> **RECORDED DATA**
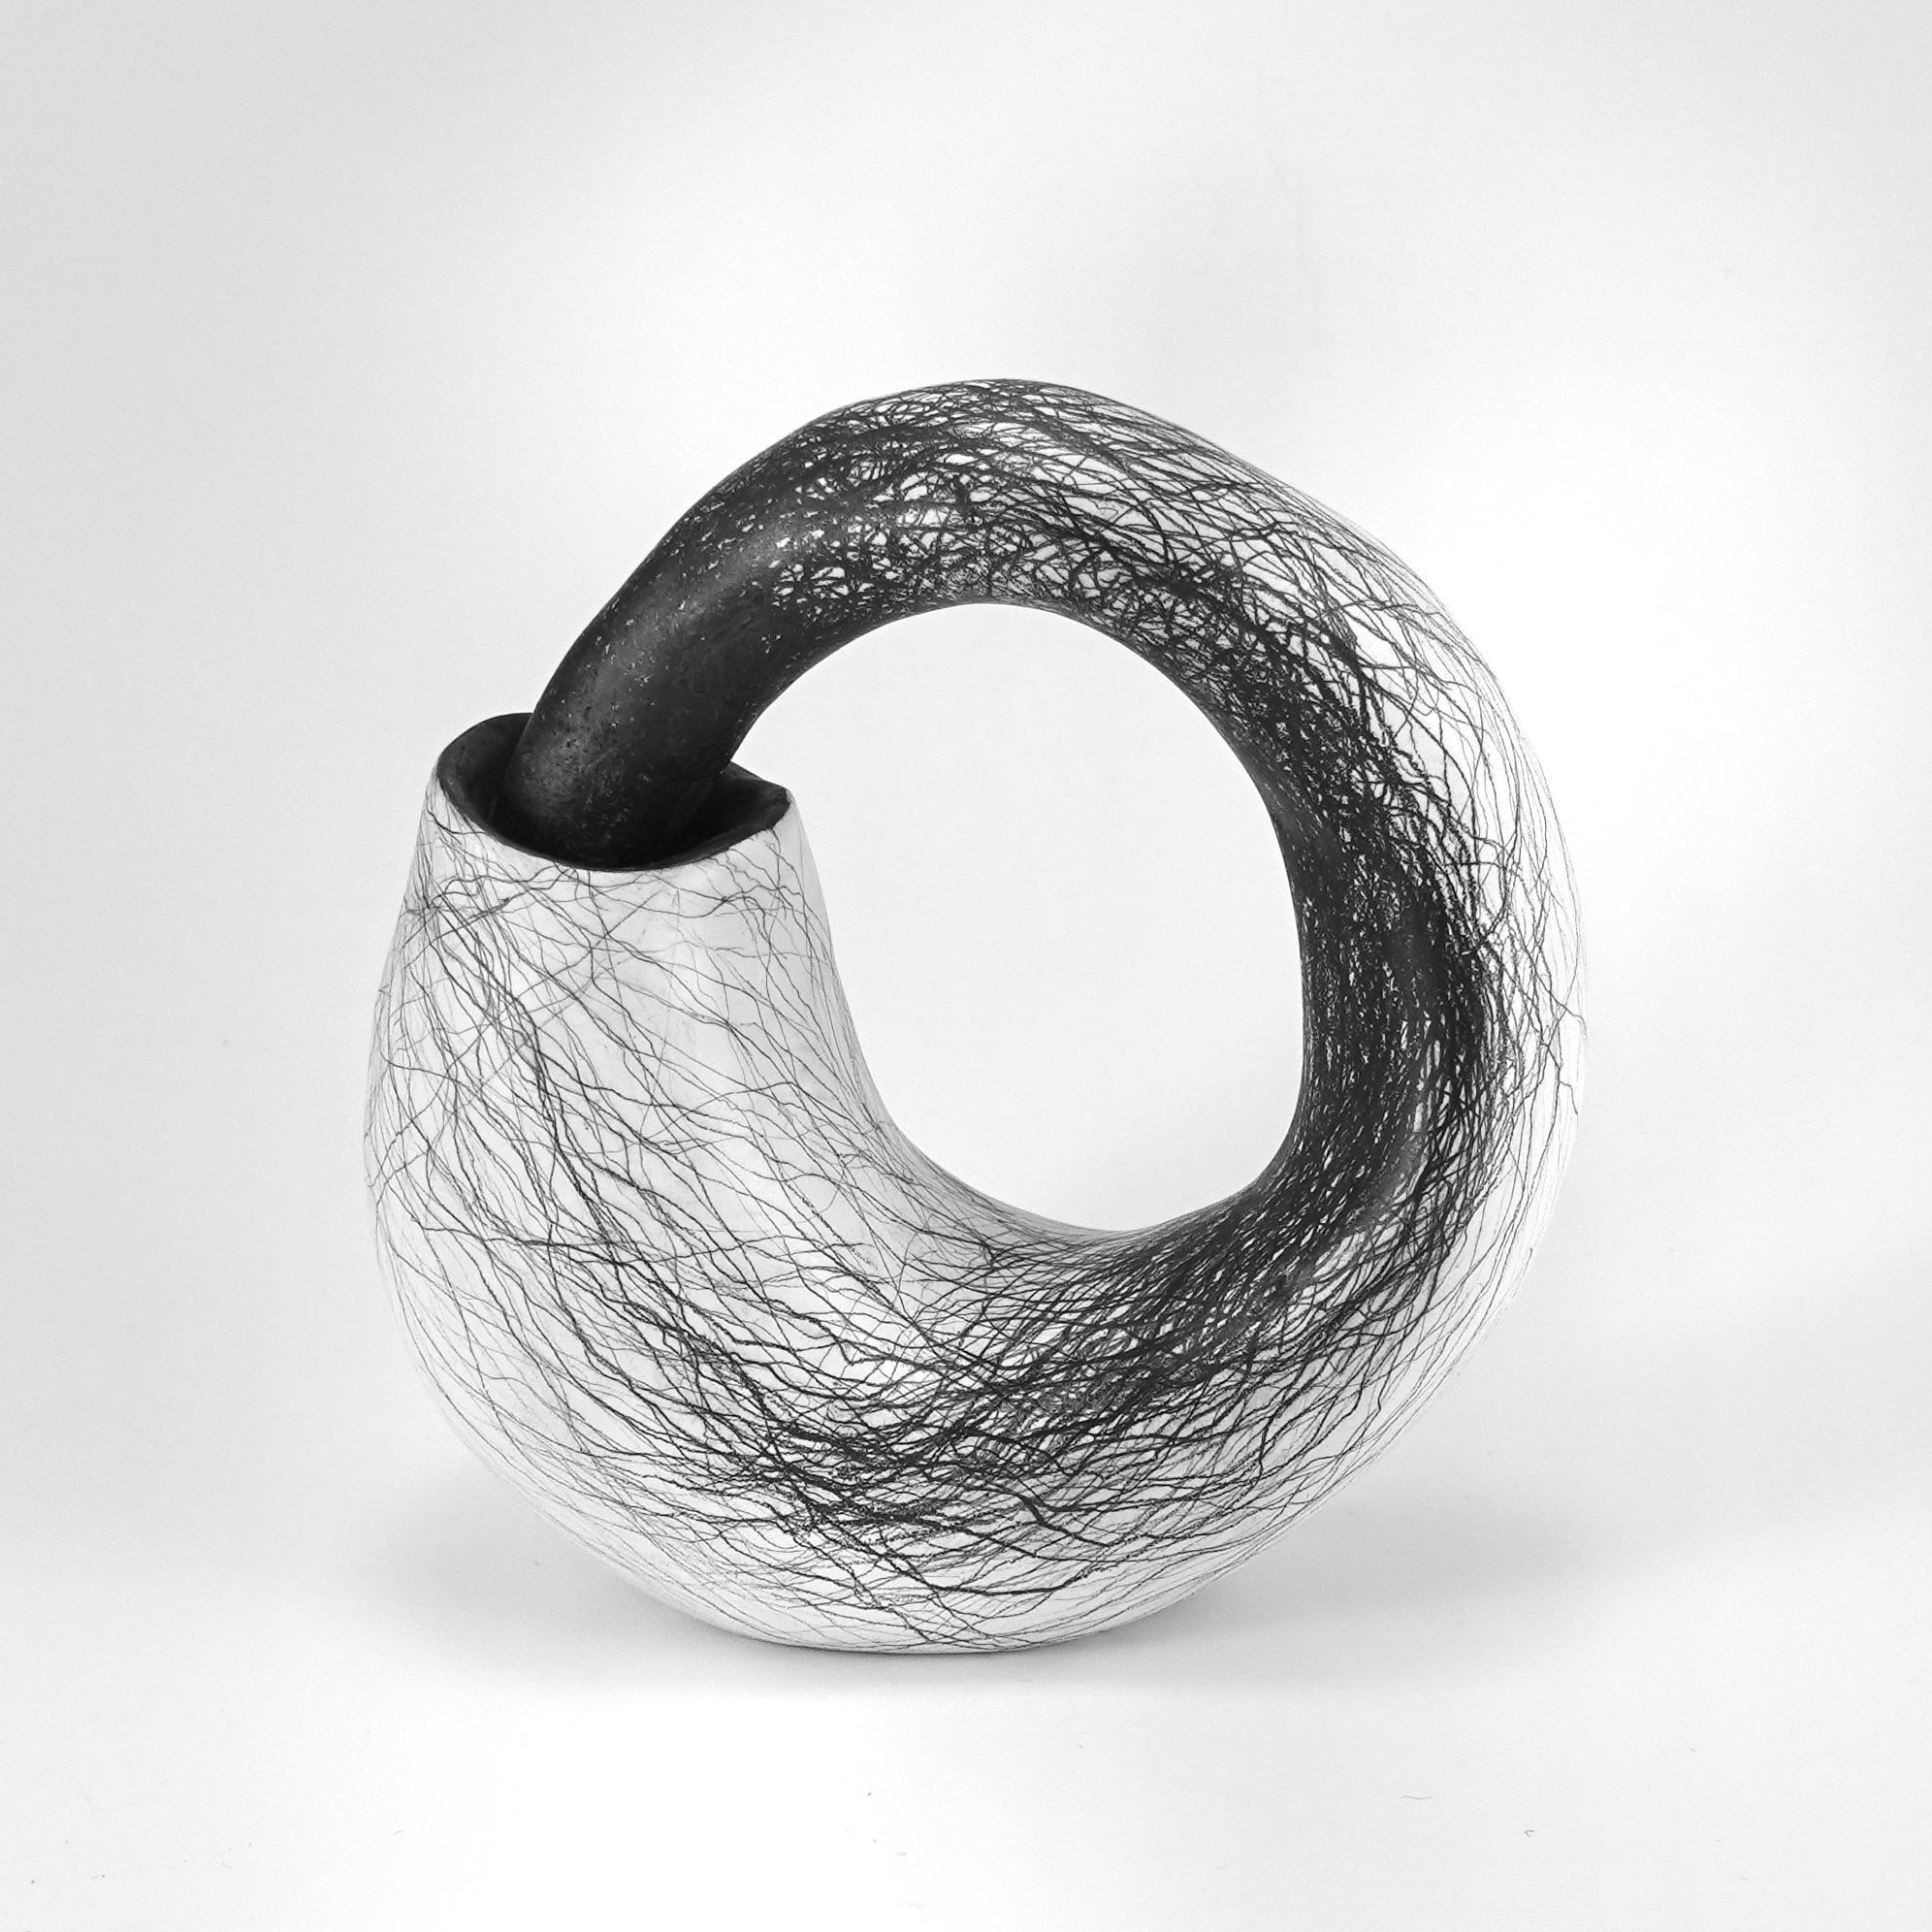 Abstract Sculpture Judi Tavill - Sculpture abstraite minimale en noir et blanc : "Curl" (boucle)
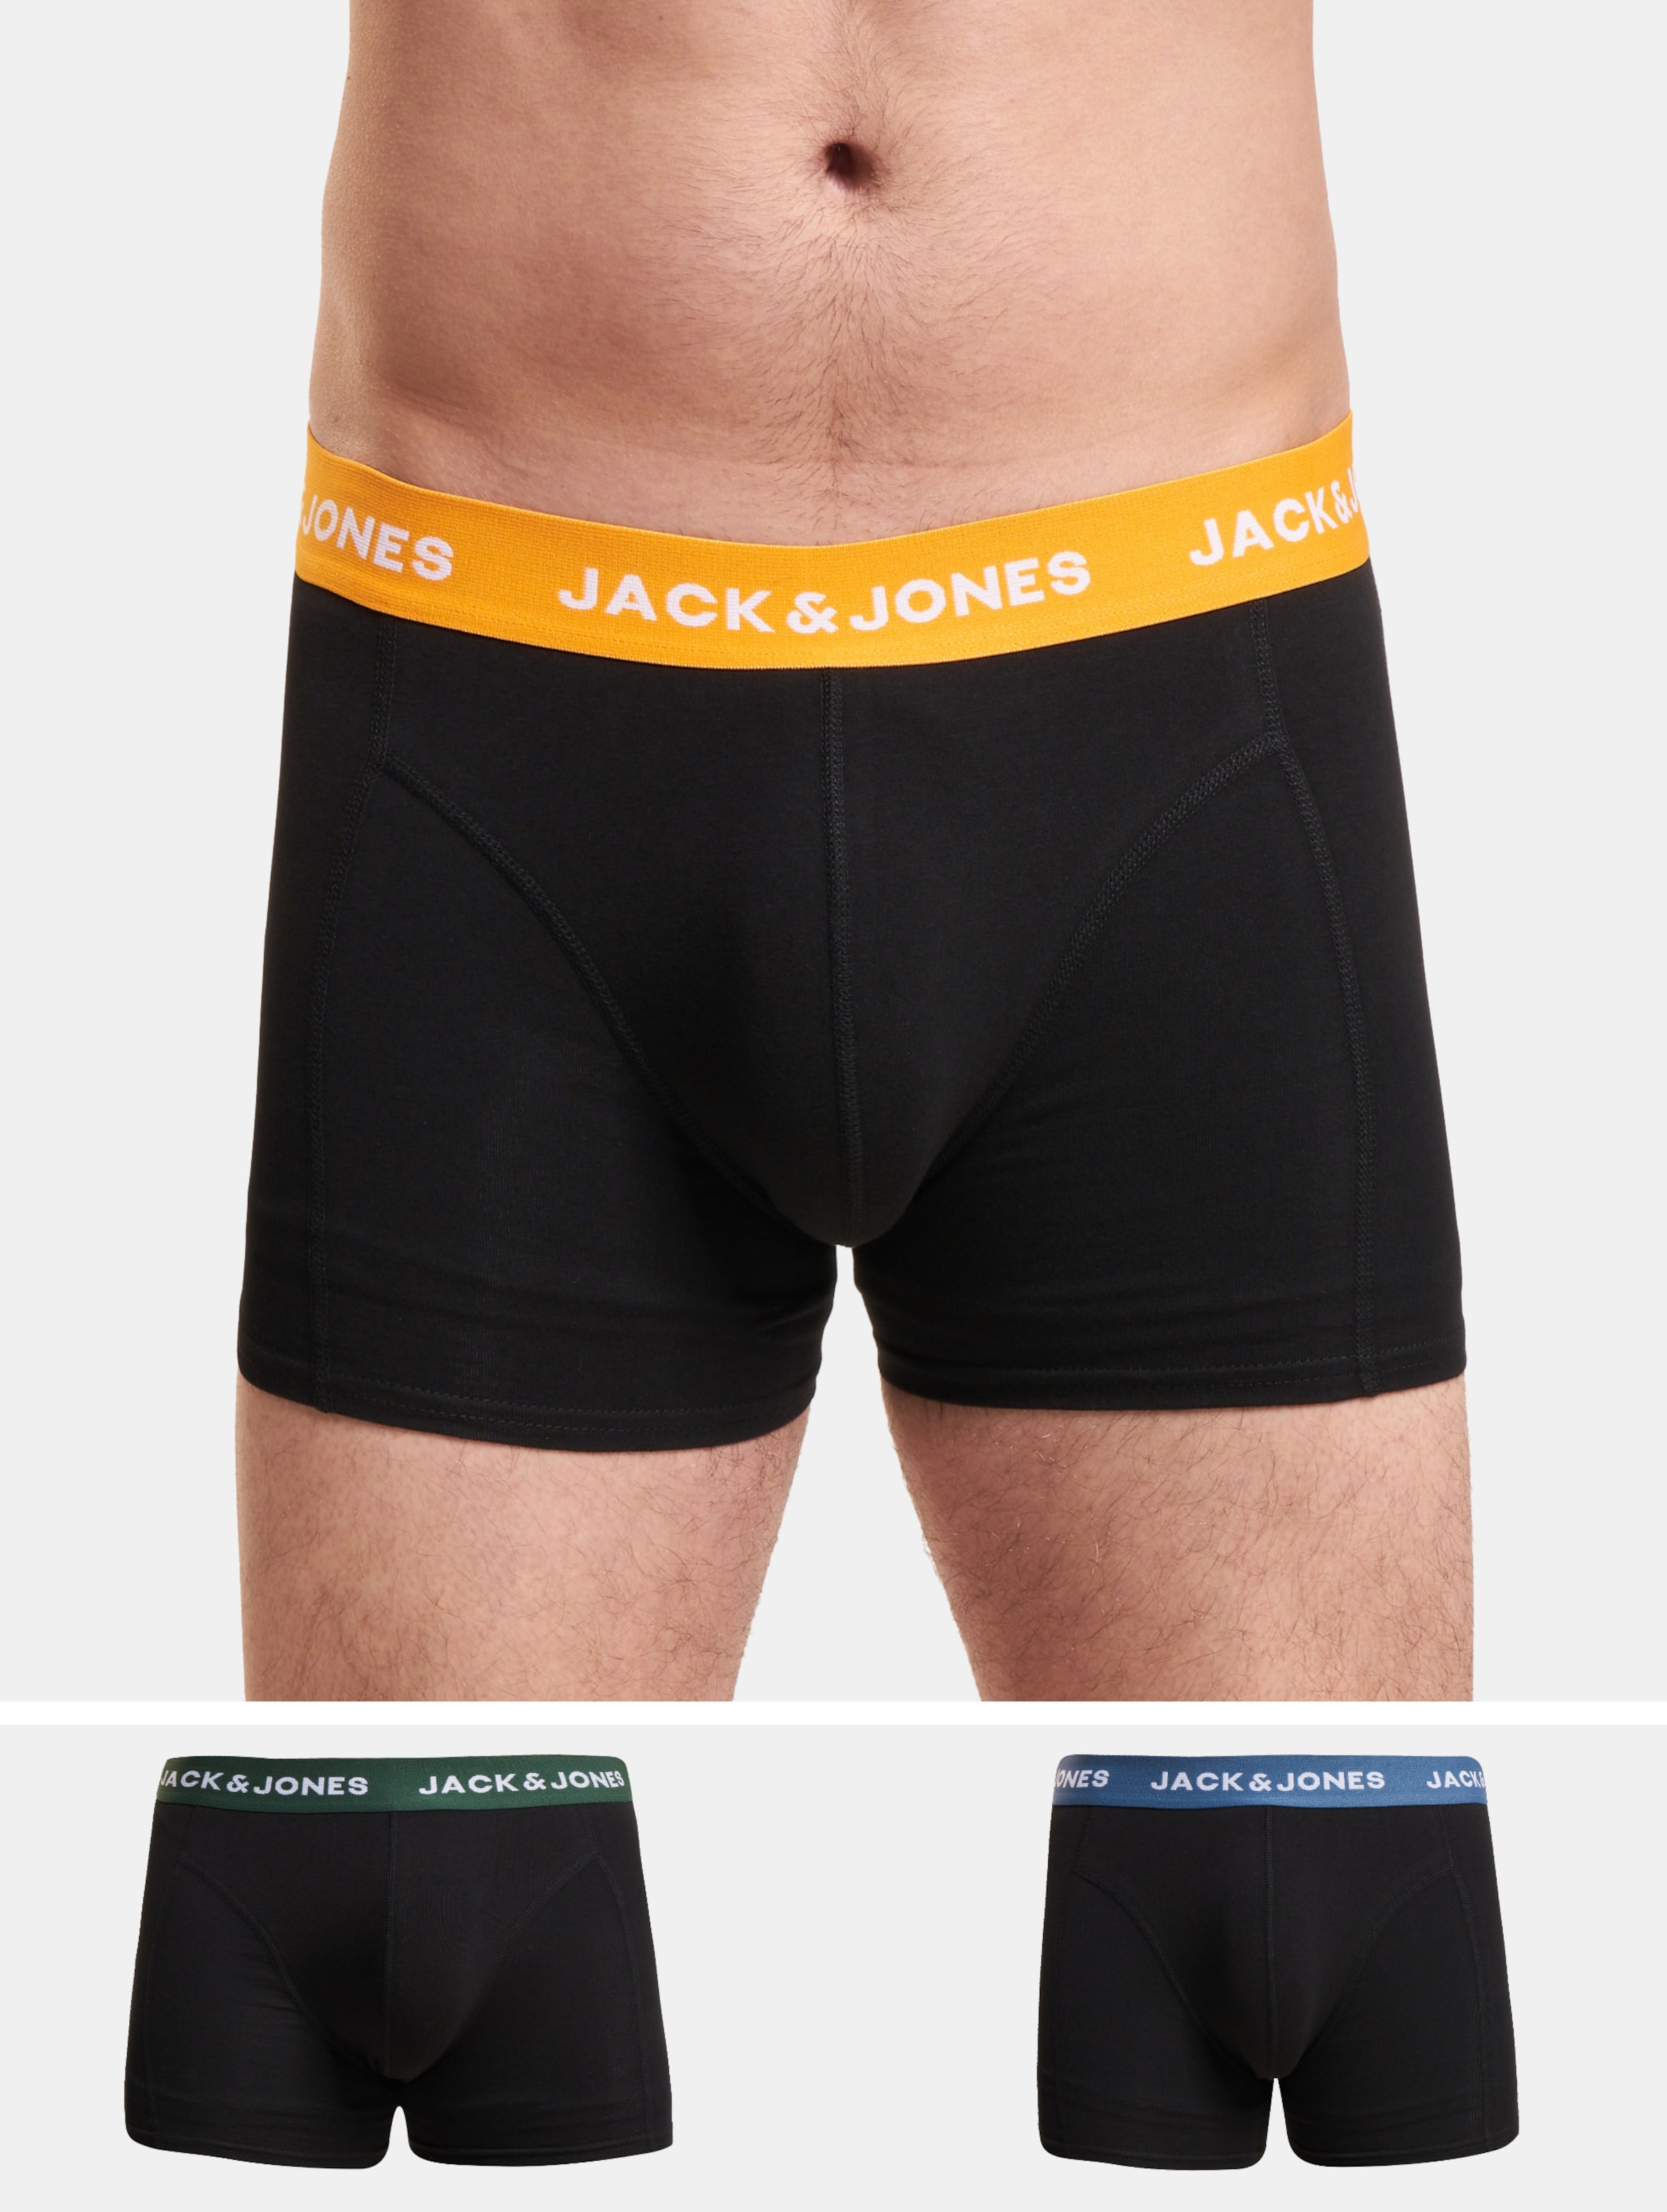 JACK & JONES Jacgab trunks (3-pack) - heren boxers normale lengte - donkergroen en zwart - Maat: M
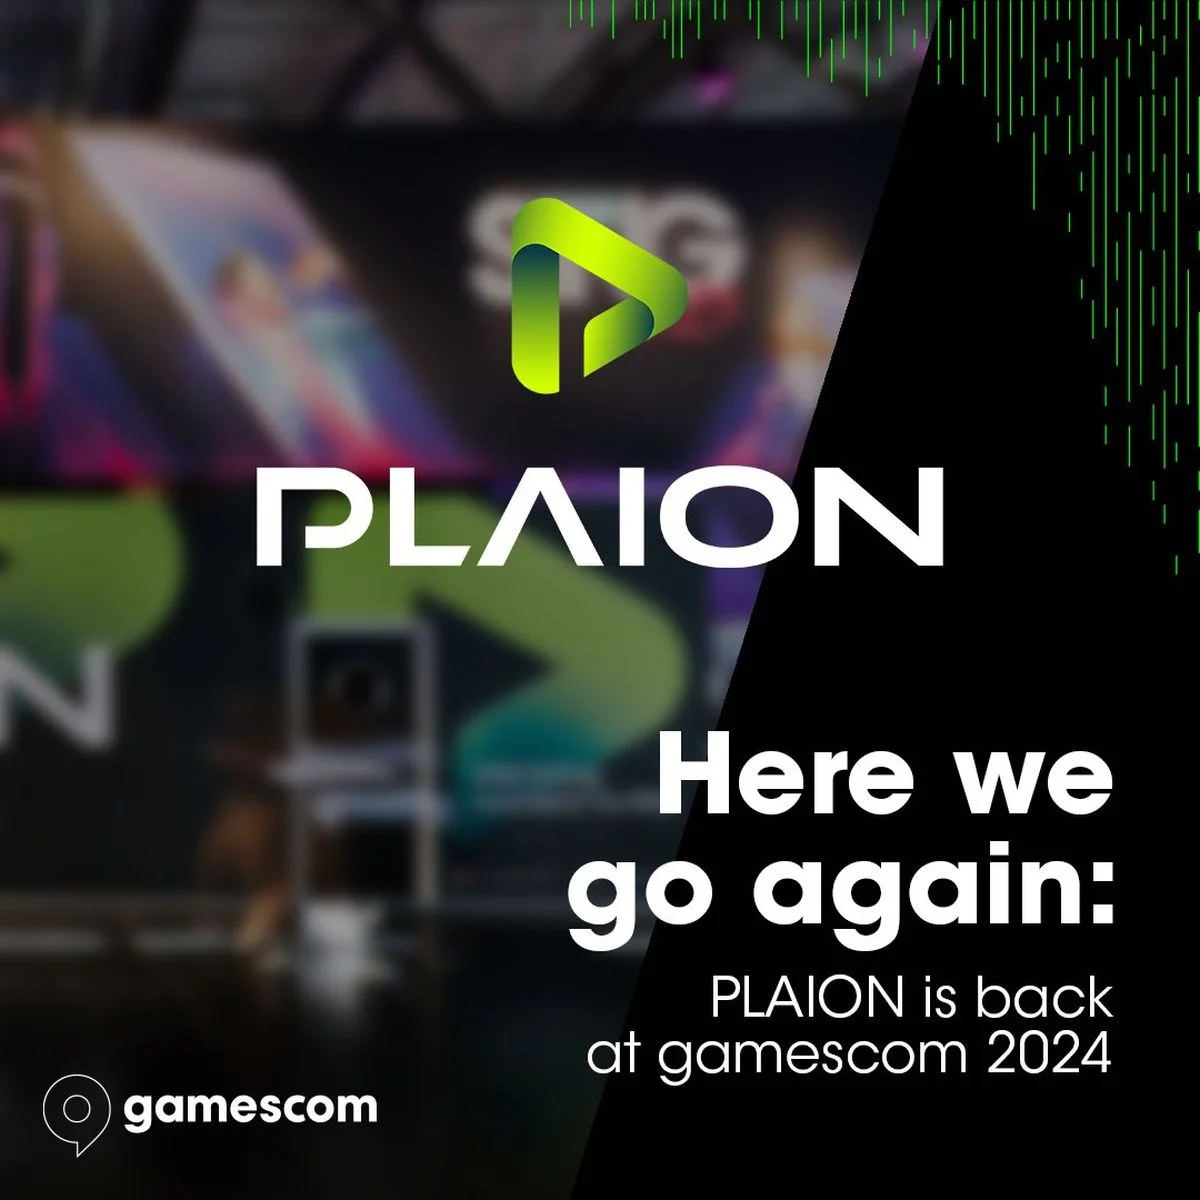 Plaion примет участие в gamescom 2024 - фото 1

> **ASSIGNMENT**
Transcribe the listing above exactly, leaving every picture out.

> **OUTPUT OF THE EXERCISE**
 Abstract Sculpture Judi Tavill - Sculpture abstraite minimale en noir et blanc : "Curl" (boucle)
 JACK & JONES Jacgab trunks (3-pack) - heren boxers normale lengte - donkergroen en zwart - Maat: M
 Plaion примет участие в gamescom 2024 - фото 1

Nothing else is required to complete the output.